Moreover, there is no clear line between no-report and deficient-report cases, because the Legislature drew none. To the contrary, the statute treats deficient reports as one type of missing report: “If an expert report has not been served within the period specified by Subsection (a) because elements of the report are found deficient, the court may grant one 30-day extension to the claimant in order to cure the deficiency.”18 By using the plural word “elements,” this statute appears to allow a party to cure a report missing several elements, perhaps even all. So trying to draw a line between deficient and missing reports is like trying to draw a line between “boys” and “people”: the words mean different things, but they cannot be treated differently because one is part of the other.

The defendant claims she is not appealing the order of extension but only the order denying her motion to dismiss. But for the reasons noted above the two are “inseparable,” as we stated in Ogletree.19 It is true that both orders in Ogletree were in the same instrument, while the denial of dismissal here was signed almost three months after the extension. But if two orders are inseparable, signing them separately cannot change that result.

And in any event, the plaintiff here served a report during the extension, and the defendant has abandoned any complaint that this report was inadequate. An unchallenged report prevents dismissal,20 so this case can be dismissed only if this *688report should be disregarded because extension was improper. No matter how the defendant characterizes her appeal, she is challenging the extension because she must.

The Court is undoubtedly right that denying review here allows the plaintiff and trial court to ignore a procedural requirement the Legislature took great pains to construct. The statute provides that if a report “has not been served” within 120 days, the court “shall” sign an order that “dismisses the claim.”21 Surely most trial judges in Texas would not have granted an extension here, although this case is proof that some would. But if the Legislature wants Texas appellate courts to rein in those few, it must grant them the jurisdiction to do so — rather than expressly denying it as it has done here.

When a trial court grants an extension, it does not matter whether a deficient report or no report was served; an interlocutory appeal cannot be taken in either case. As the court of appeals did only what the statute says, I would affirm; because the Court holds otherwise, I respectfully dissent.

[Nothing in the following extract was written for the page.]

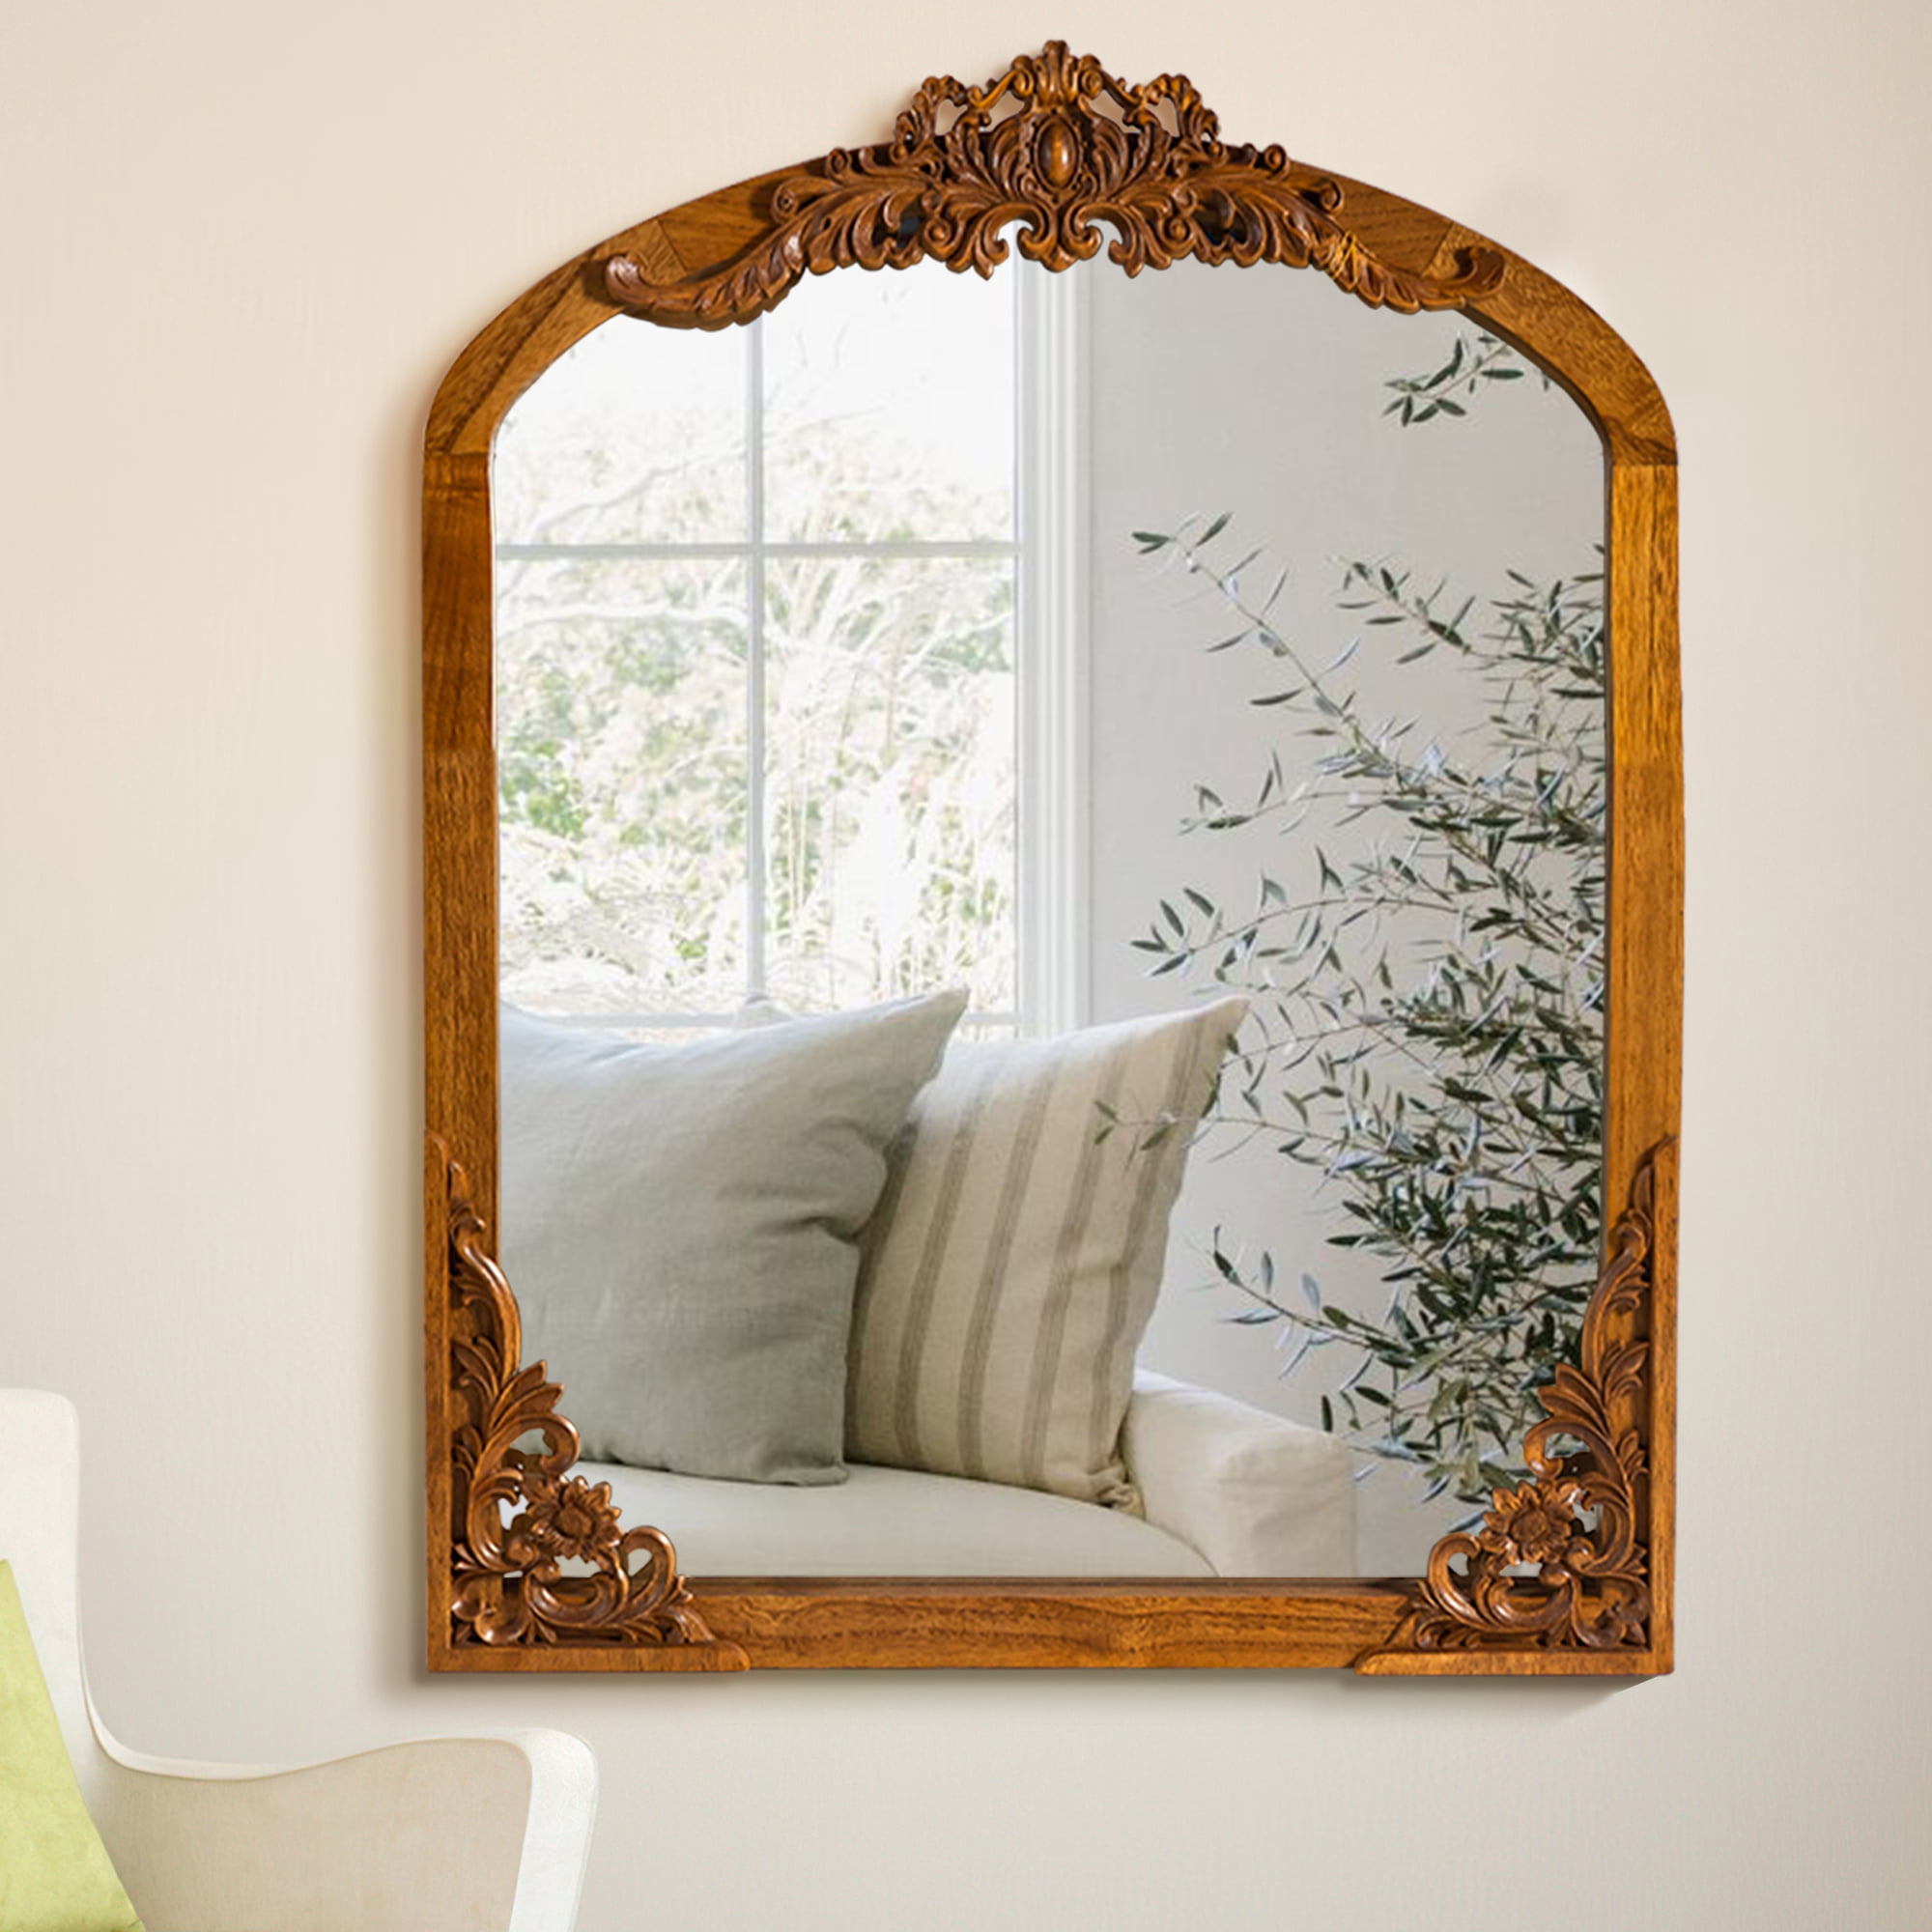 NeuType Wooden Arch Mirror Wall Mirror Vintage Decorative Mirror ...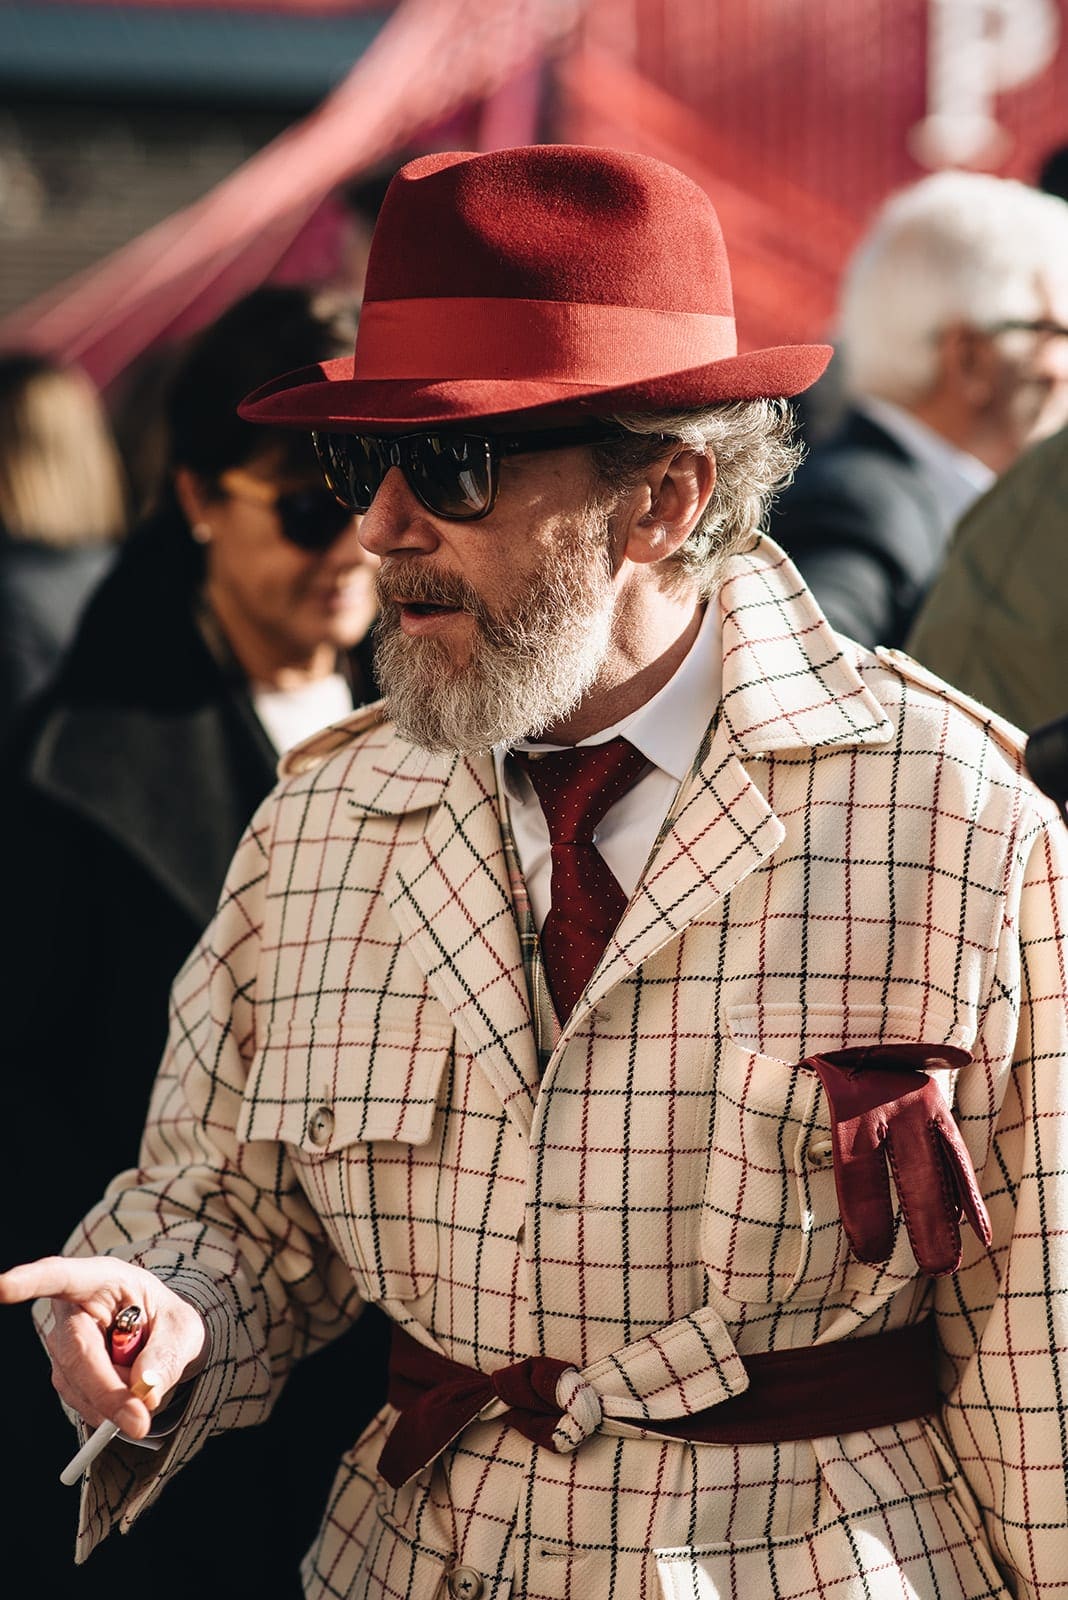 pitti uomo, Pitti Uomo 97: de meest stijlvolle outfits en de trends voor 2020

. Ogletree v. Matthews, 262 S.W.3d 316, 321 (Tex.2007).

. Tex. Civ. Prac. & Rem.Code § 51.014(9).

. See ¿d. § 74.051.

. Dr. Badiga challenged the adequacy of the purported report in the trial court, but made clear in her Reply Brief in the court of appeals that she was "not challenging the adequacy of Plaintiff's expert report through this appeal.”

. —S.W.3d-.

. See Tex. Gov’t Code § 22.225(b) (“Except as provided by Subsection (c) or (d), a judgment of a court of appeals is conclusive on the law and facts, and a petition for review is not allowed to the supreme court, in '... interlocutory appeals that are allowed by law”).

. Lewis v. Funderburk, 253 S.W.3d 204, 206 (Tex.2008); Ogletree v. Matthews, 262 S.W.3d 316, 319 n. 1 (Tex.2007).

. Tex. Civ. Prac. & Rem.Code § 51.014.

. 262 S.W.3d at 321.

. Tex. Gov’t Code § 311.021(2).

. 262 S.W.3d at 321.

. Id. at 320 n. 2.

. Tex Civ. Prac. & Rem.Code § 51.014(9).

. Texas A & M Univ. Sys. v. Koseoglu, 233 S.W.3d 835, 841 (Tex.2007); Bally Total Fitness Corp. v. Jackson, 53 S.W.3d 352, 355 (Tex.2001).

. 274 S.W.3d at 684.

. Id. at 684.

. See Ogletree, 262 S.W.3d at 321 (noting that extensions mean delay of only 30 days, and that reviewing a report’s deficiencies at the same time they were being cured was "an illogical and wasteful result”).

. Tex. Civ. Prac. & Rem.Code § 74.351(c) (emphasis added).

. 262 S.W.3d at 321.

. See id. at 322 (holding order denying dismissal was correct when hospital did not object to adequacy of report).

. Tex. Civ. Prac. & Rbm.Code § 74.351(b).